→ WHAT THE TASK ASKS
Could you set down the listing below exactly, leaving out its pictures?

(RECORDED INFORMATION Opens)

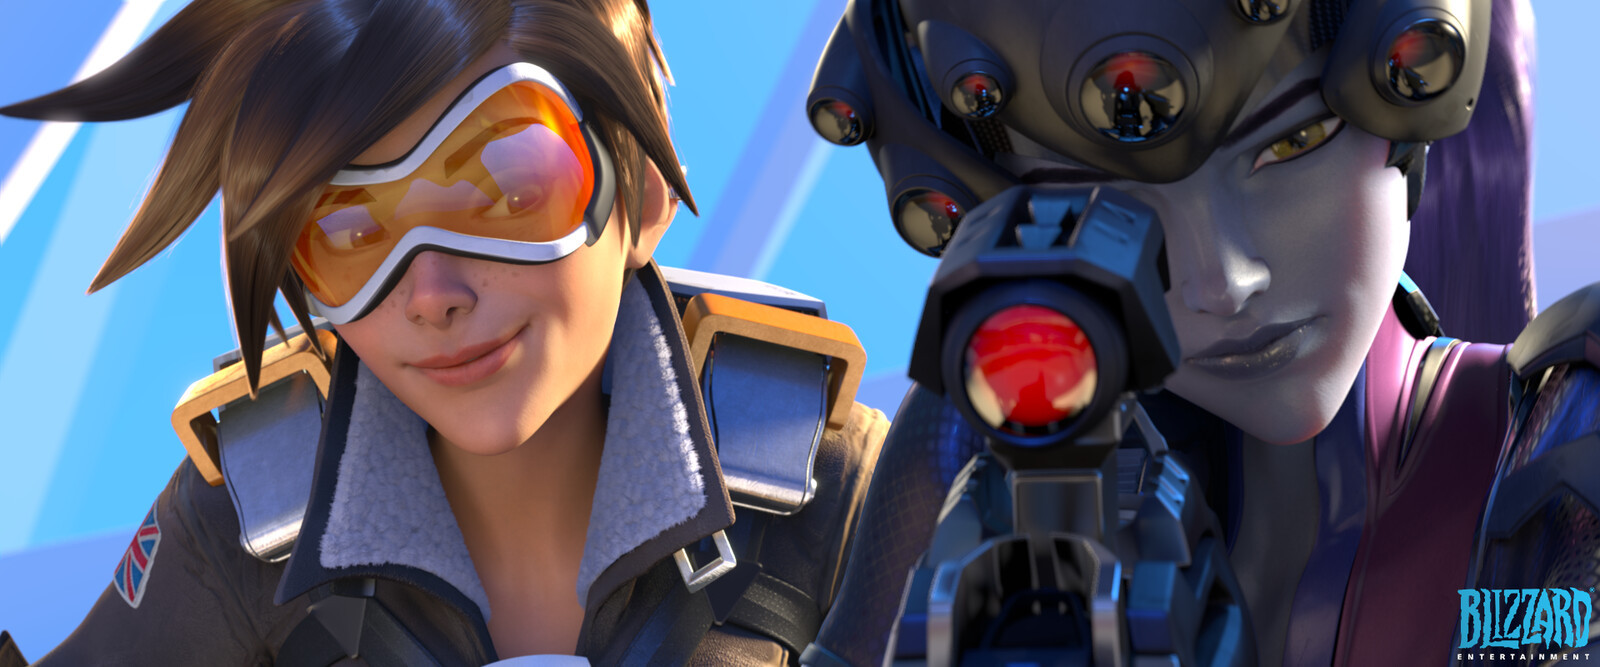 Tracer, Reaper and Widowmaker surfacing works - Overwatch Announcement Cine...
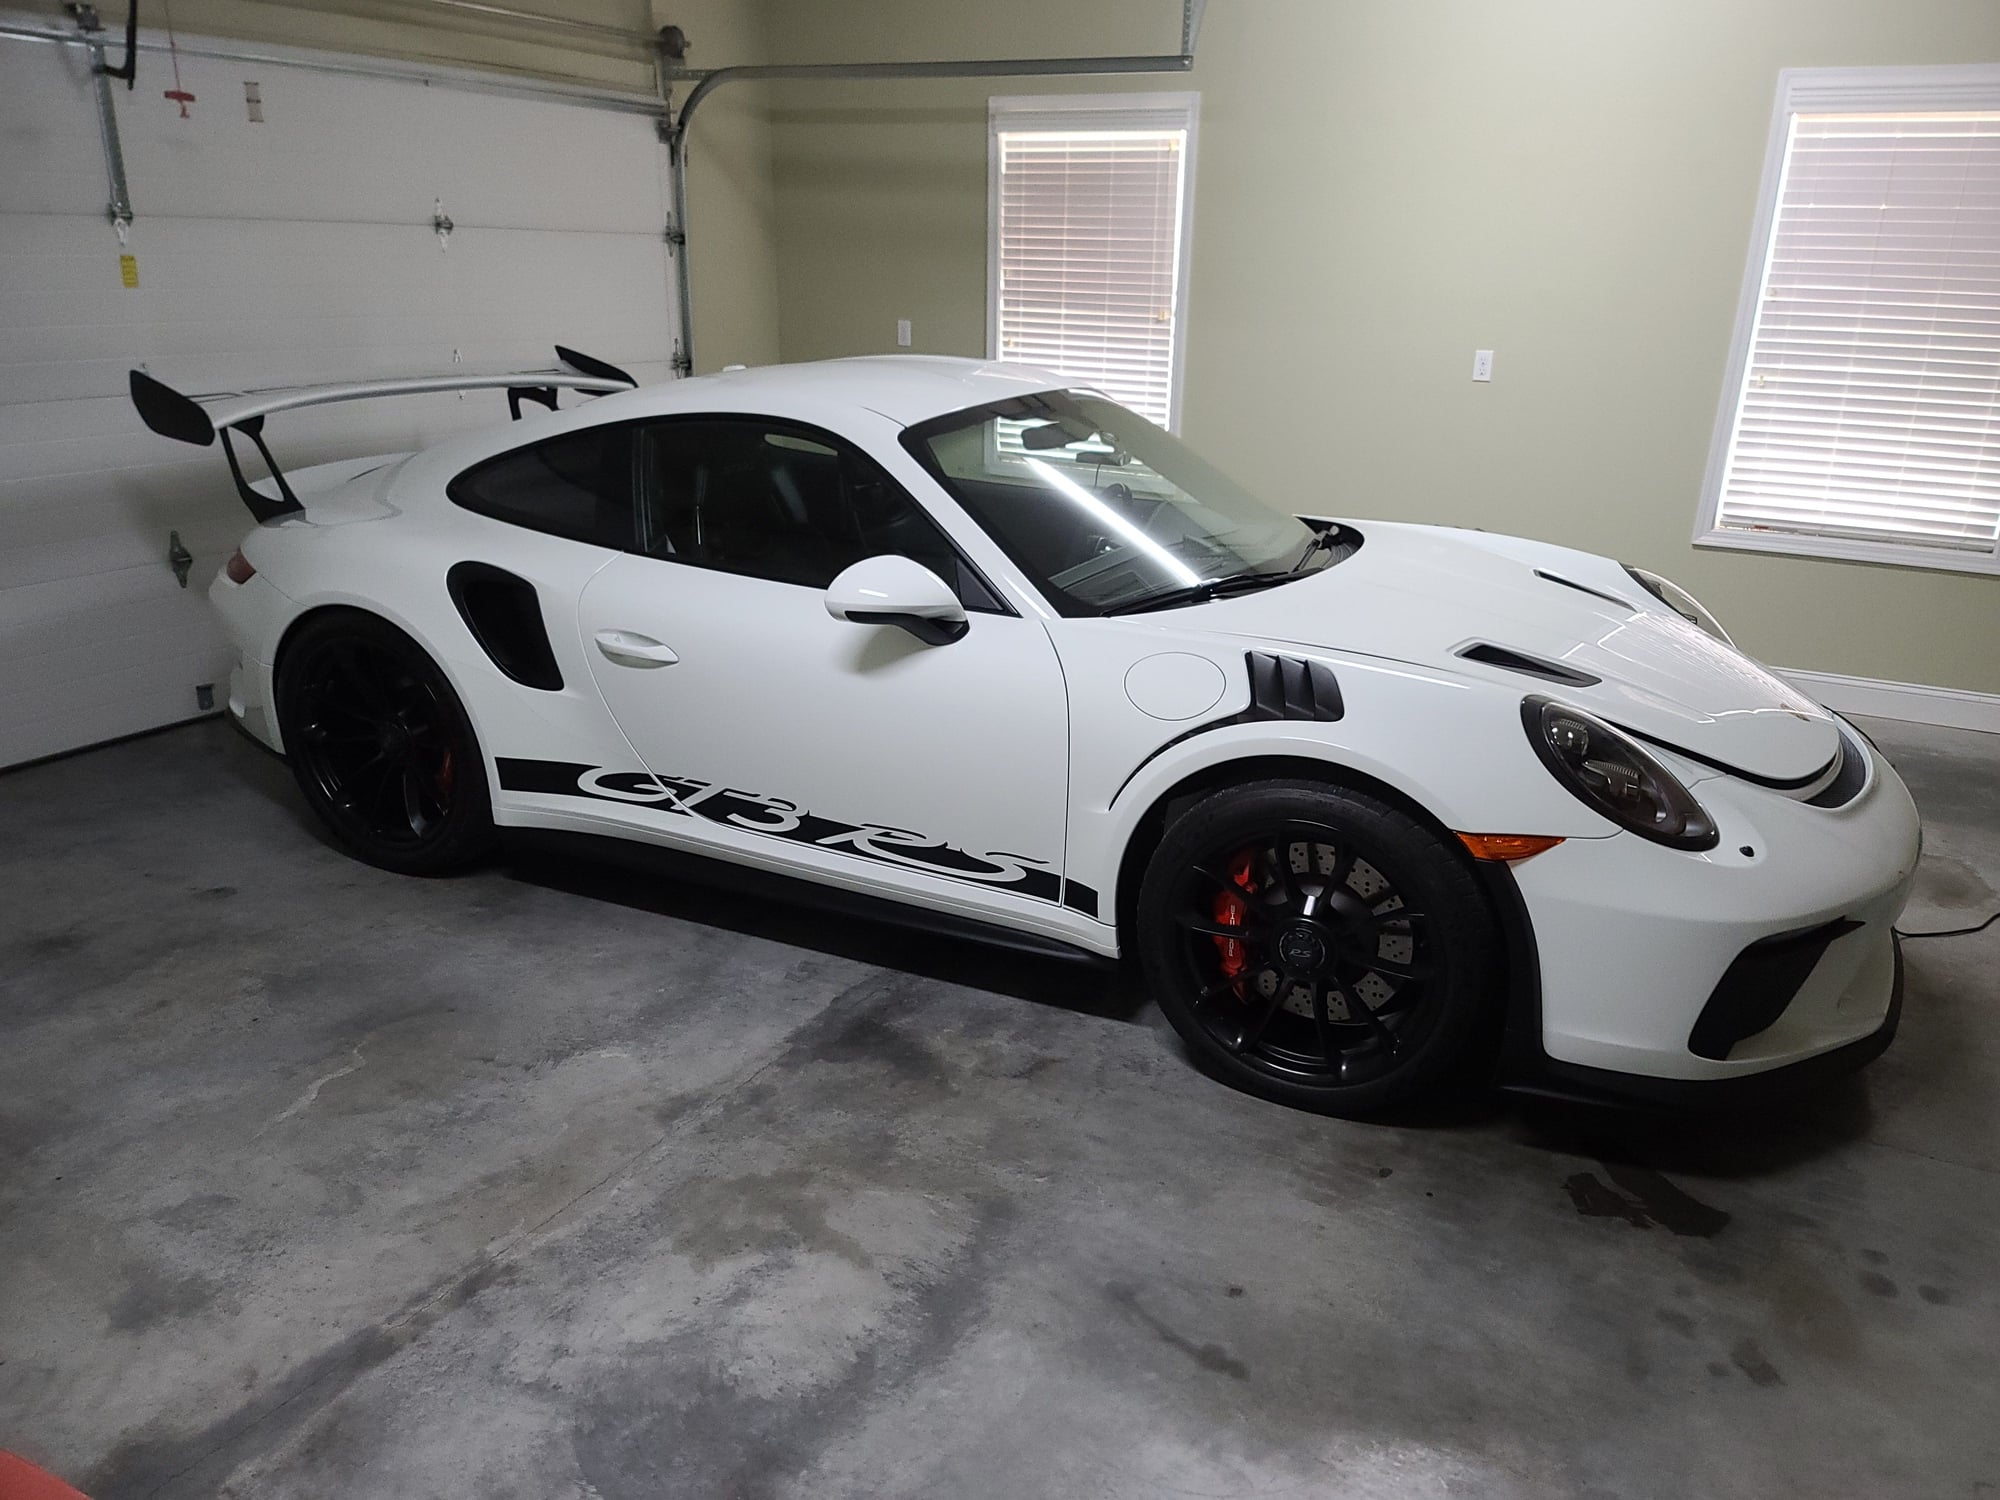 2019 Porsche GT3 - 2019 Porsche GT3RS with 15k aftermarket add ons... - Used - VIN WPOAF2A91KS164716 - 4,361 Miles - 6 cyl - 2WD - Automatic - Coupe - White - Knoxville, TN 37849, United States
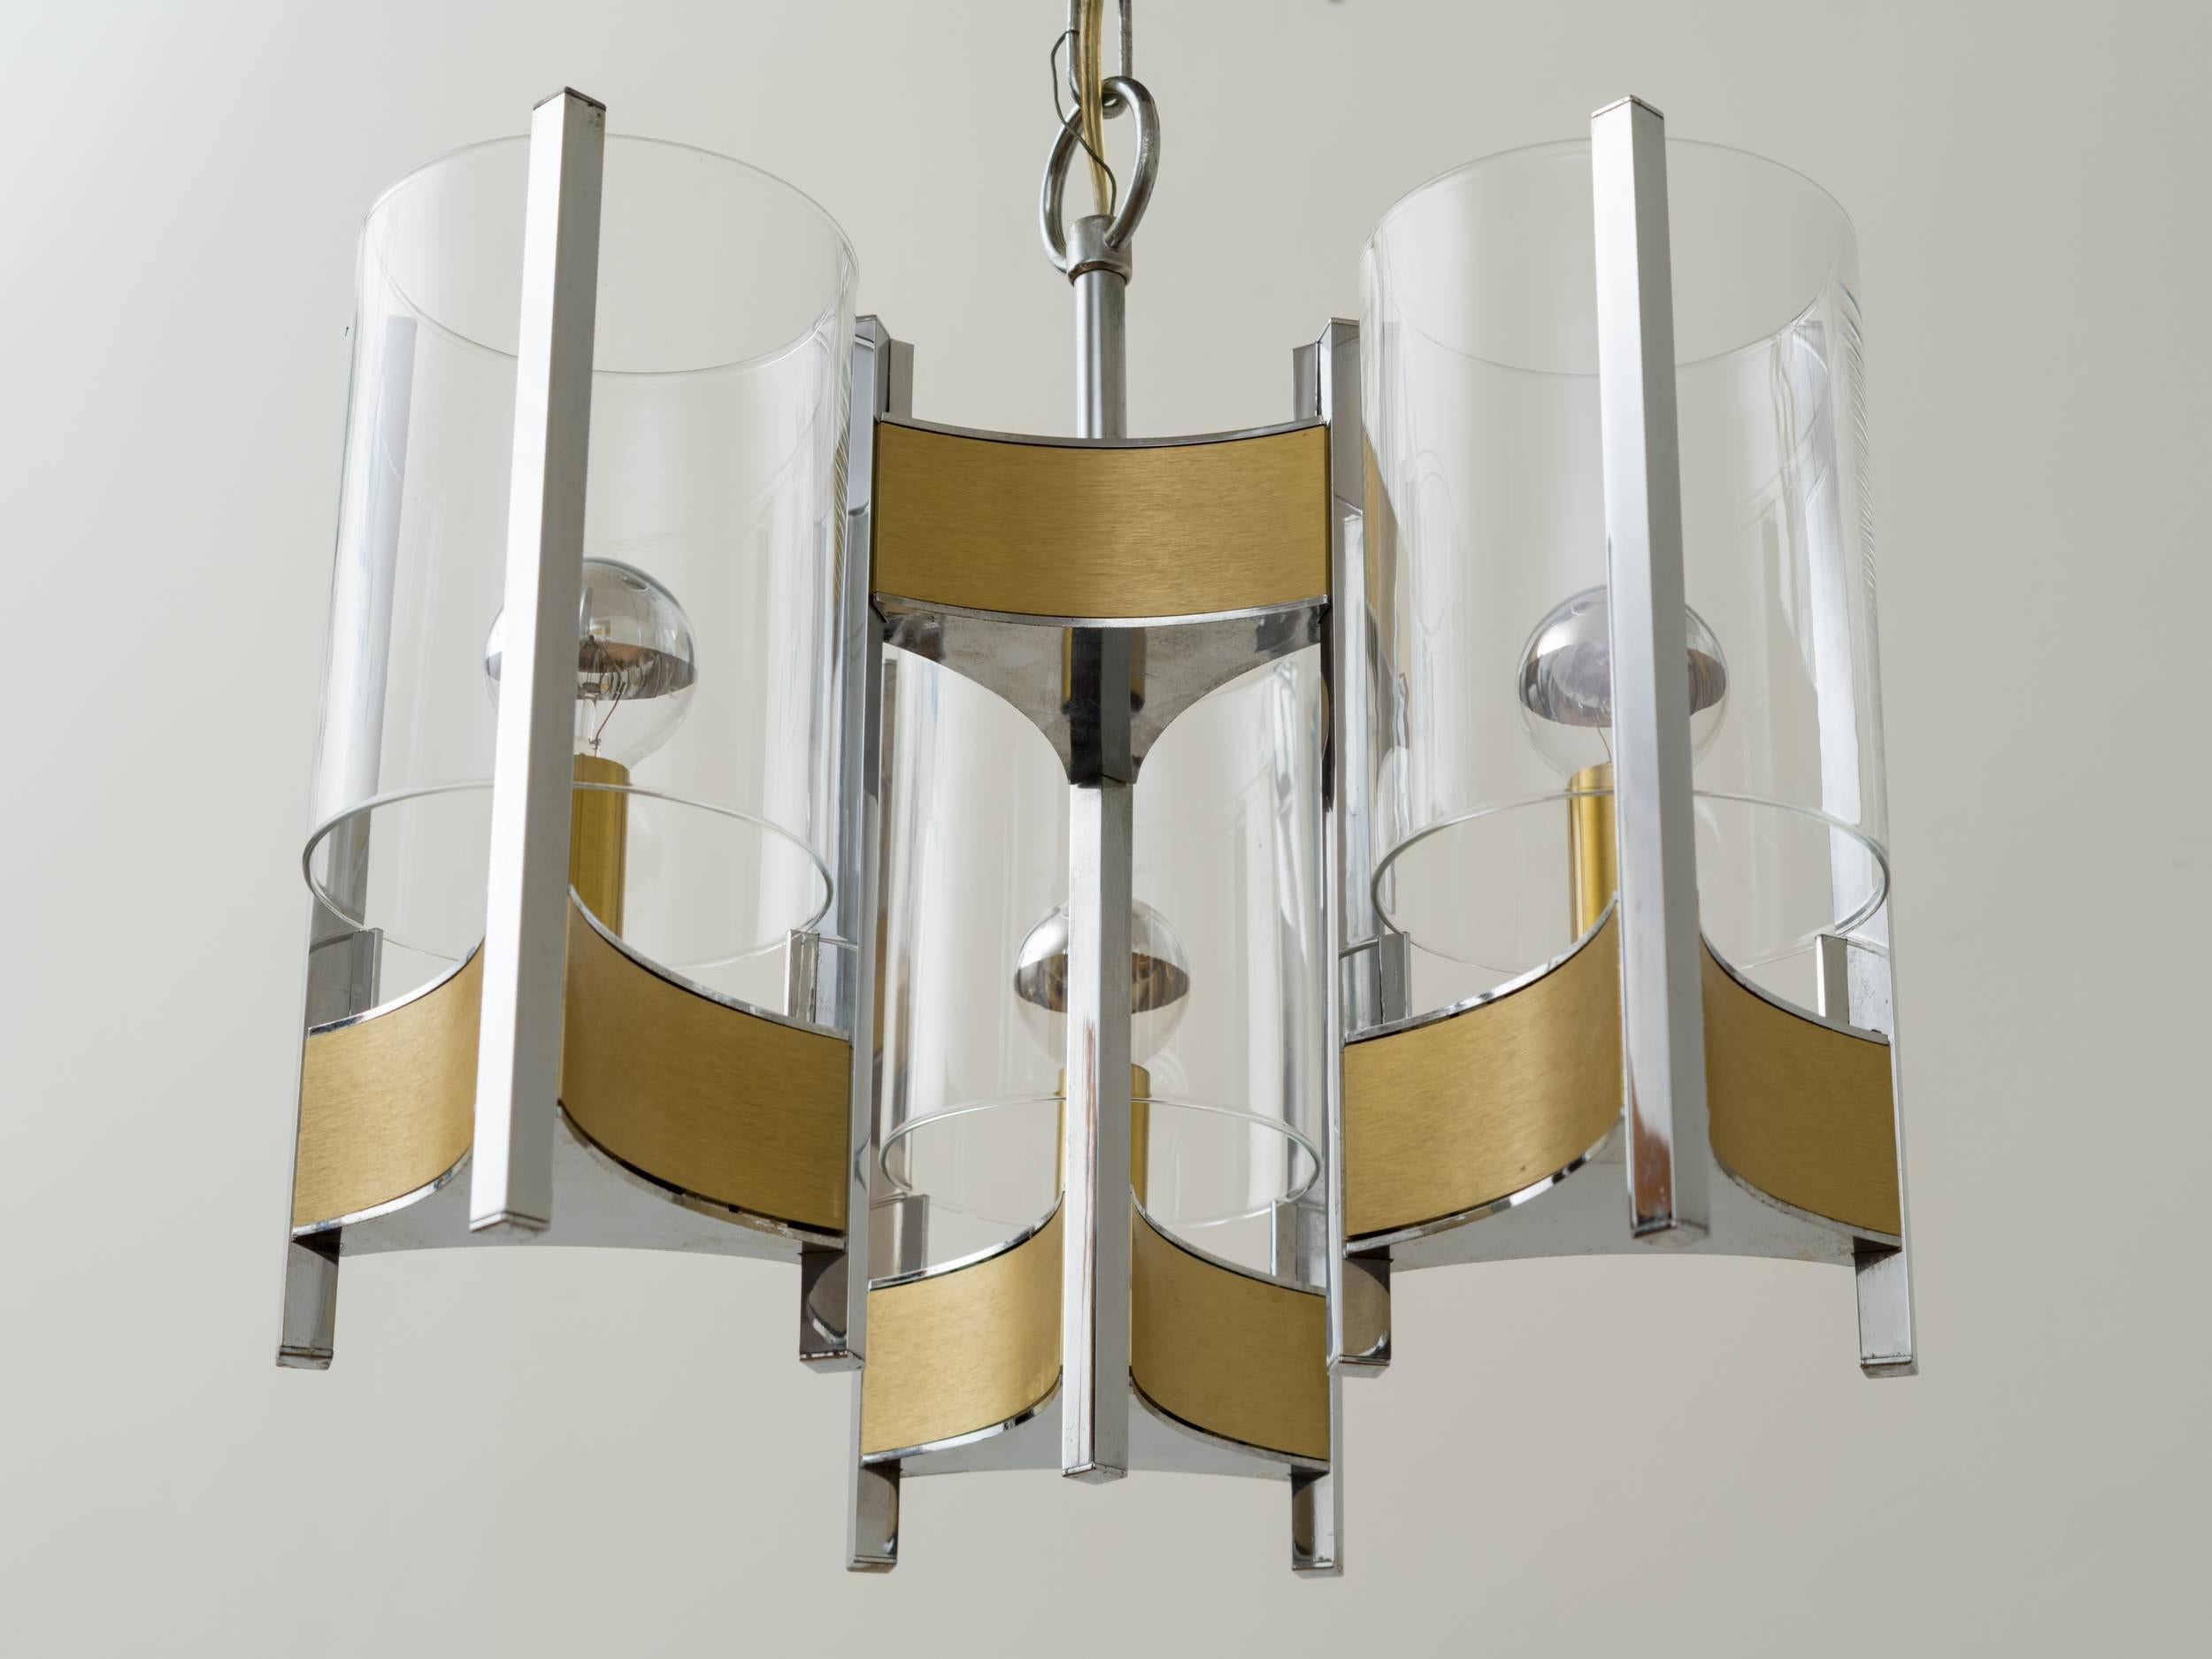 Gaetano Sciolari brushed brass and chrome chandelier with glass hurricane shades, illuminated with partial mercury glass light bulbs. Circular chrome ceiling cap. Height can be adjusted with additional chain links, Italy, circa 1970s.

(RECORDED INFORMATION Closes)

→ ANSWER TO THE PROBLEM
 Tracer, Reaper and Widowmaker surfacing works - Overwatch Announcement Cine...
 2019 Porsche GT3 - 2019 Porsche GT3RS with 15k aftermarket add ons... - Used - VIN WPOAF2A91KS164716 - 4,361 Miles - 6 cyl - 2WD - Automatic - Coupe - White - Knoxville, TN 37849, United States
 Gaetano Sciolari brushed brass and chrome chandelier with glass hurricane shades, illuminated with partial mercury glass light bulbs. Circular chrome ceiling cap. Height can be adjusted with additional chain links, Italy, circa 1970s.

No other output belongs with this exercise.